= Johnson Brothers (musical group) =

American country band

The Johnson Brothers were an Old-time Country duo best known for recording at the Bristol Sessions in 1927.

Hailing from Happy Valley, Tennessee, the Johnsons were Paul Johnson, who sang and played guitar while Charles backed him on steel guitar. They were veterans of the local vaudeville and medicine show who had already done a recording session in New York who were already known to Ralph Peer when he set up an office in Bristol, Tennessee to record local artists.

Their songs are slow mournful ballads based on traditional sentimental Victorian themes like "A Passing Policeman" (based on an 1894 song "The Little Lost Child") and "The Jealous Sweetheart". On the latter song they are accompanied by an unknown musician playing the bones, a simple percussion instrument used since ancient times, particularly with black musicians.

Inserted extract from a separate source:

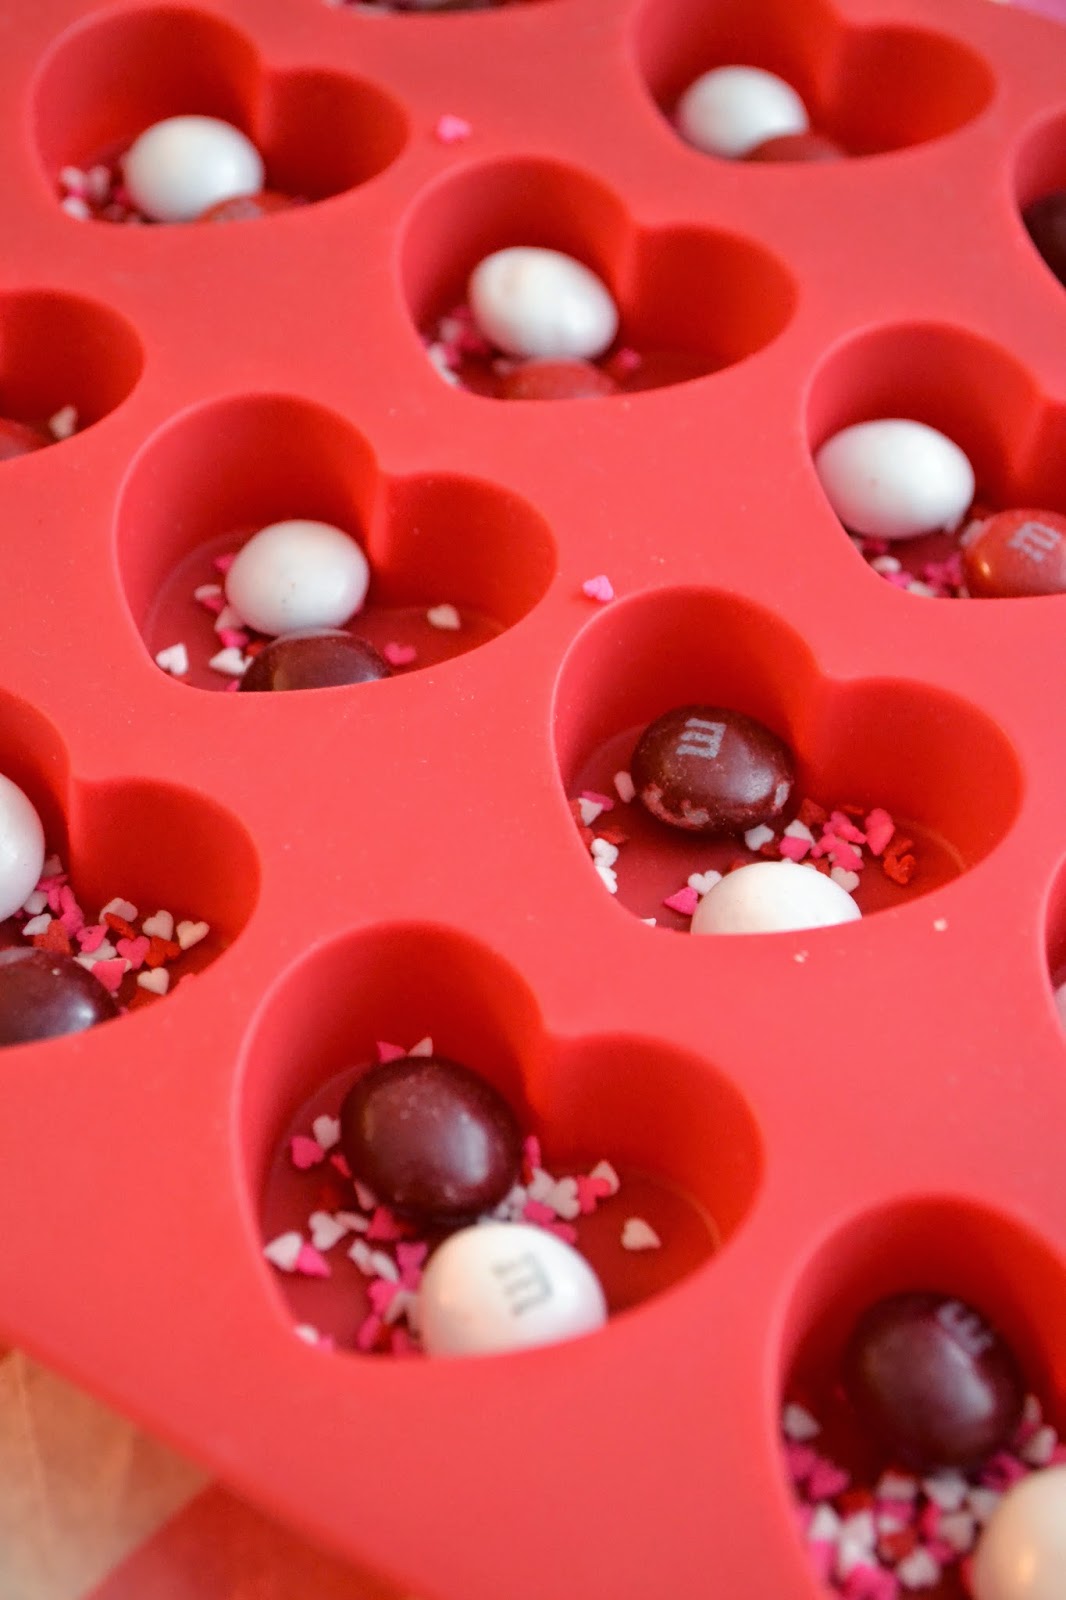 Red Velvet White Chocolate Candies - Building Our Story

It is assumed that this was El Watson, a harmonica player who Charles Johnson would in turn back on his own single recorded at the sessions, a harmonica showcase called "Potlicker Blues" which was recorded the same day.

Stylistically in their use of duo guitar and steel guitar the Johnson Brothers closely resemble their more successful contemporaries Darby and Tarlton and Wilmer Watts.

The singles were not notably successful ("A Passing Policeman" was not even released at the time) and the Johnsons would drop out of sight with their ultimate fates unknown. El Watson is even more obscure. Although he is assumed to have been black, it is not even known for sure if he was. After Bristol, Watson disappeared from the historical records entirely.